Вне машины «братан» выглядел еще бугаистее – на полголовы выше меня, на полплеча шире, а видневшейся в складках шеи золотой цепью можно было бы слона к конуре приковать.

– Х… делаешь?!

– Так я эта… не курю, – соврал я, смахивая жухлый лист с рукава насквозь провонявшей табаком камуфляжки.

– Чё-о-о?! – От удивления у «братана» вывалилась изо рта его собственная недокуренная сигарета. – А х… просил?

– Просто так, – ухмыльнулся я.

– Ну б… ты чё, больной?!

– Ага. Контуженный. Могу справку из госпиталя показать.

– А справку про инвалидность не хошь зара…

И в этот момент нашу так увлекательно складывающуюся беседу прервало мерзкое пиликанье. Раздавалось оно из моего кармана – теткин, блин, подарочек, еще вчера хотел о стену раскокать, да так и забыл.
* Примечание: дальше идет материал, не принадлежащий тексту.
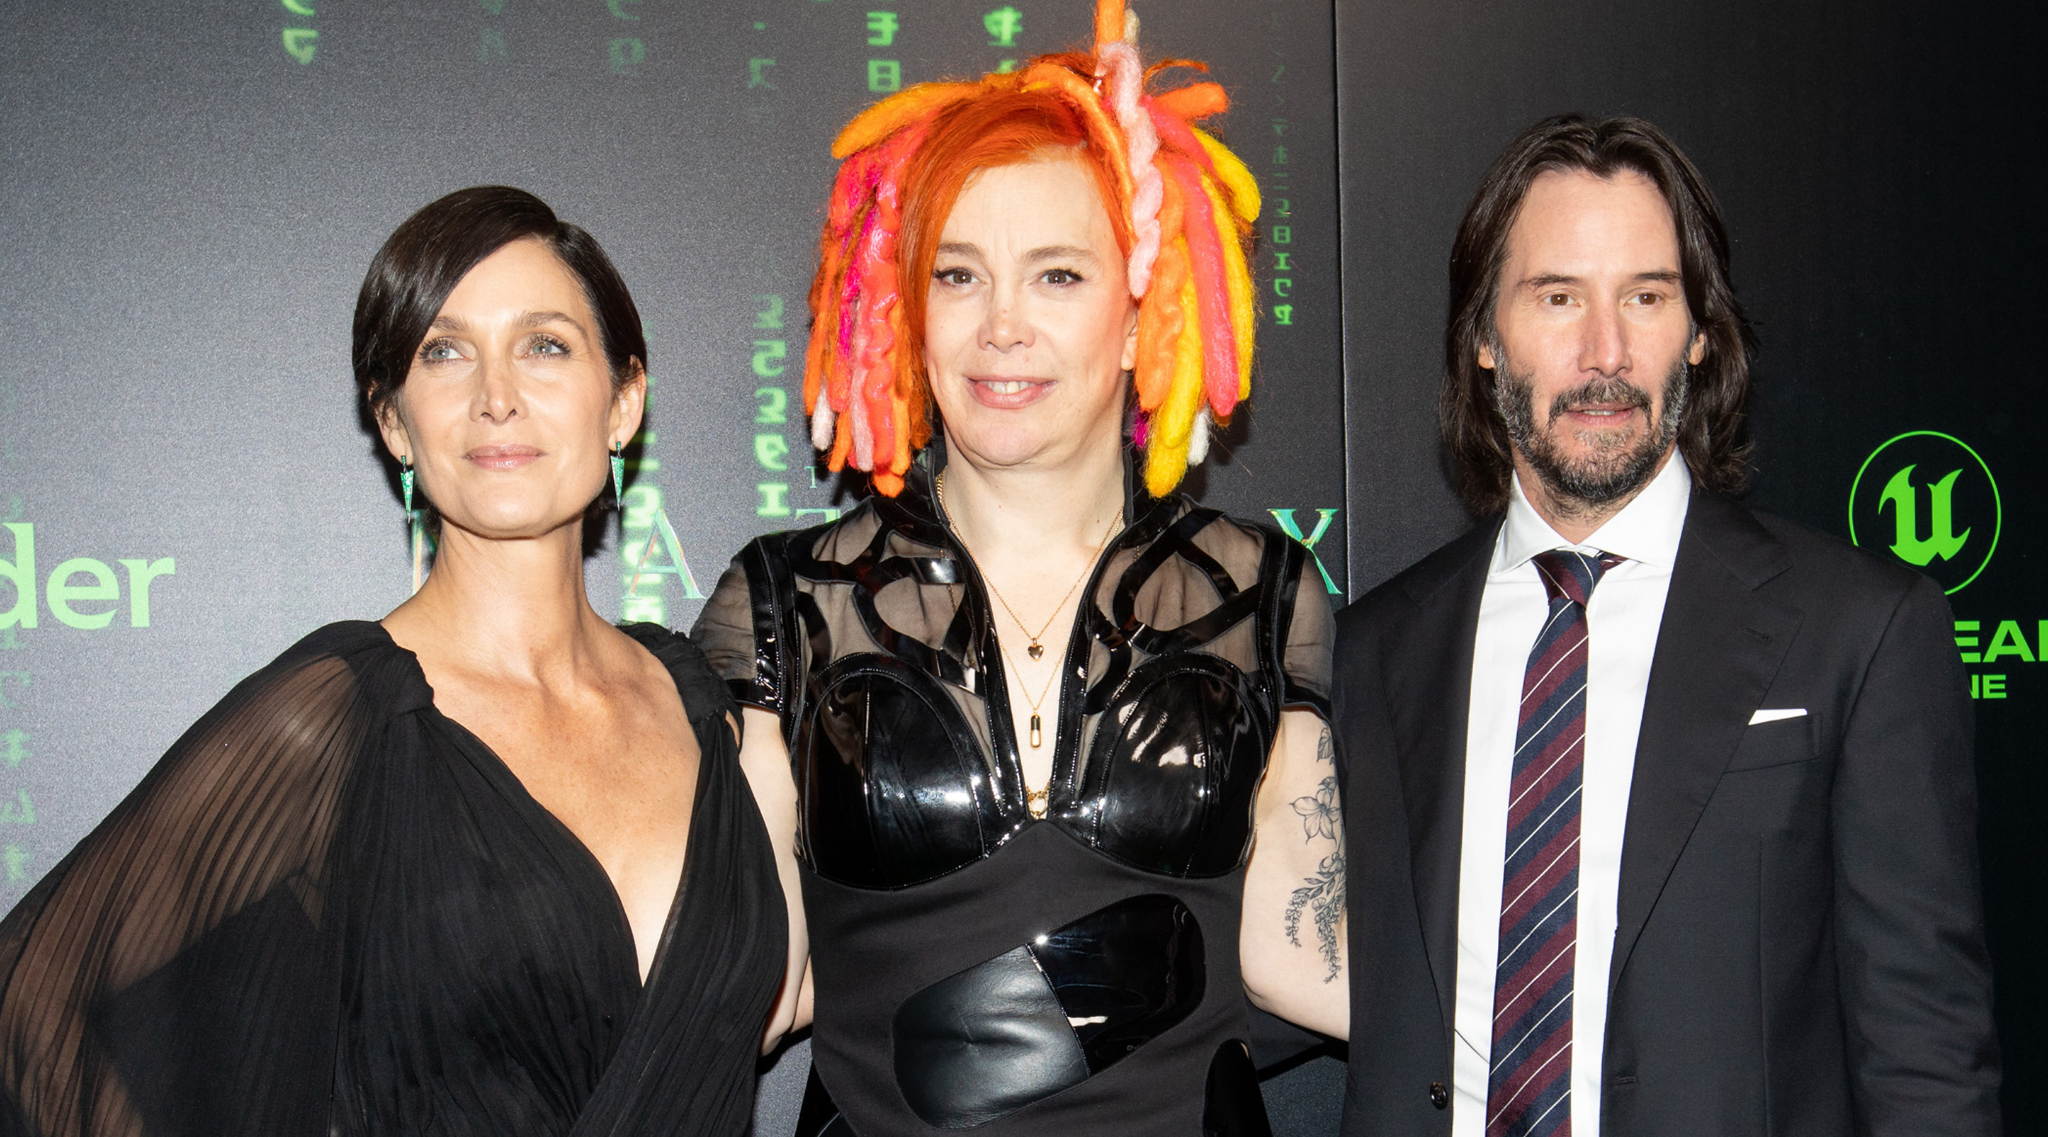 Wachowski Sisters Auctioning Off Rare 'The Matrix' Memorabilia to Protect and Defend Trans Youth

– Обожди! – буркнул я, пытаясь выудить чертов мобильник из-под заполнившего карман хлама. Получалось неважно, так что пришлось вначале доставать все, что лежало сверху, а затем и телефон. – Контроль на связи!
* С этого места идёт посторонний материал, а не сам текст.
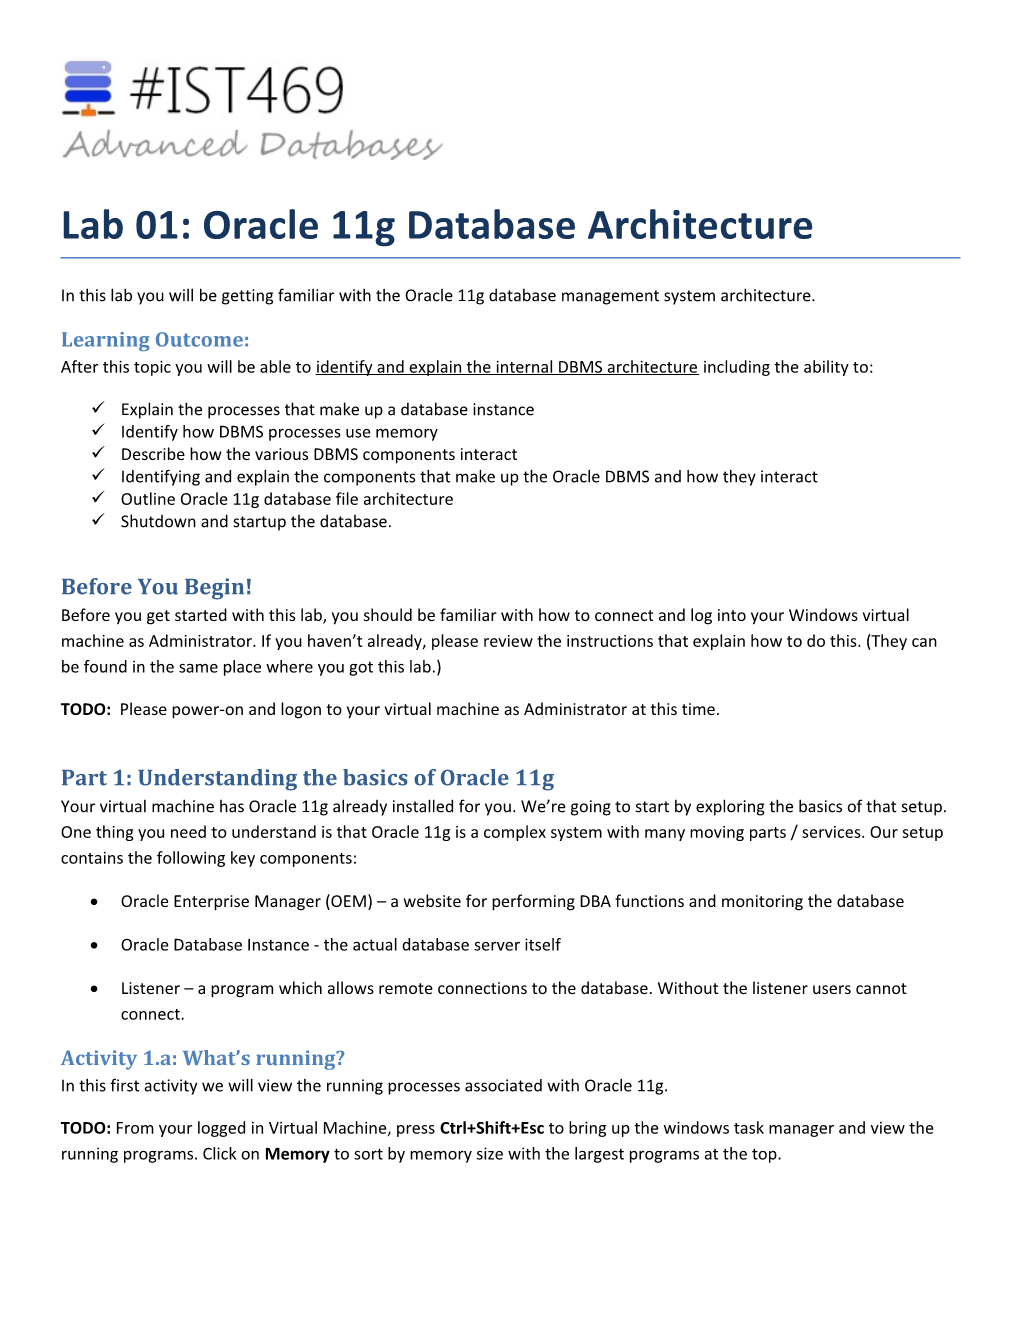 Oracle 11G Database Arch

– Александр, ты где шляешься?! – Голос в трубке прямо-таки кипел праведным возмущением, так что я на всякий случай отодвинул телефон подальше от уха: ну его, техника нынче продвинутая, вдруг и в самом деле обожжет.

– Почему «шляюсь»? Тут я.

– Тут? Где еще «тут»? Ты что делаешь?!

– Стою, – сообщил я и, чуть подумав, добавил: – Здесь. Эй, ты куда?!
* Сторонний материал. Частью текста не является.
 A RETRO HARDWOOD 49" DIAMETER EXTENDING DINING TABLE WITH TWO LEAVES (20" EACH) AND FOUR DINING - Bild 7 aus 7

Последняя фраза предназначалась «братану», который с неожиданным для его габаритов проворством нырнул в машину, и, прежде чем до конца захлопнулась дверца, «бумер», яростно газанув, сорвался с места.

В первый момент я даже и не сообразил, чем вызвана эта стремительная ретирада.

– Александр!

– Это я не вам, теть Маш, – сказал я. – Это тут… был… один.

И снова привычно подкинул вверх ребристую округлую штуковину – ту самую, мешавшую мне вытащить мобильник… Ручная, оборонительная… в общем, самая абнакновенная, как говорится, граната.

– Лови такси, и чтоб через десять минут стоял перед кабинетом Серафим Петровича! – неожиданно спокойно приказала трубка. – Понял?

– Так точно, – браво отрапортовал я. – Только, теть Маш, на такси я за десять минут не доеду. Разрешите борт вызвать…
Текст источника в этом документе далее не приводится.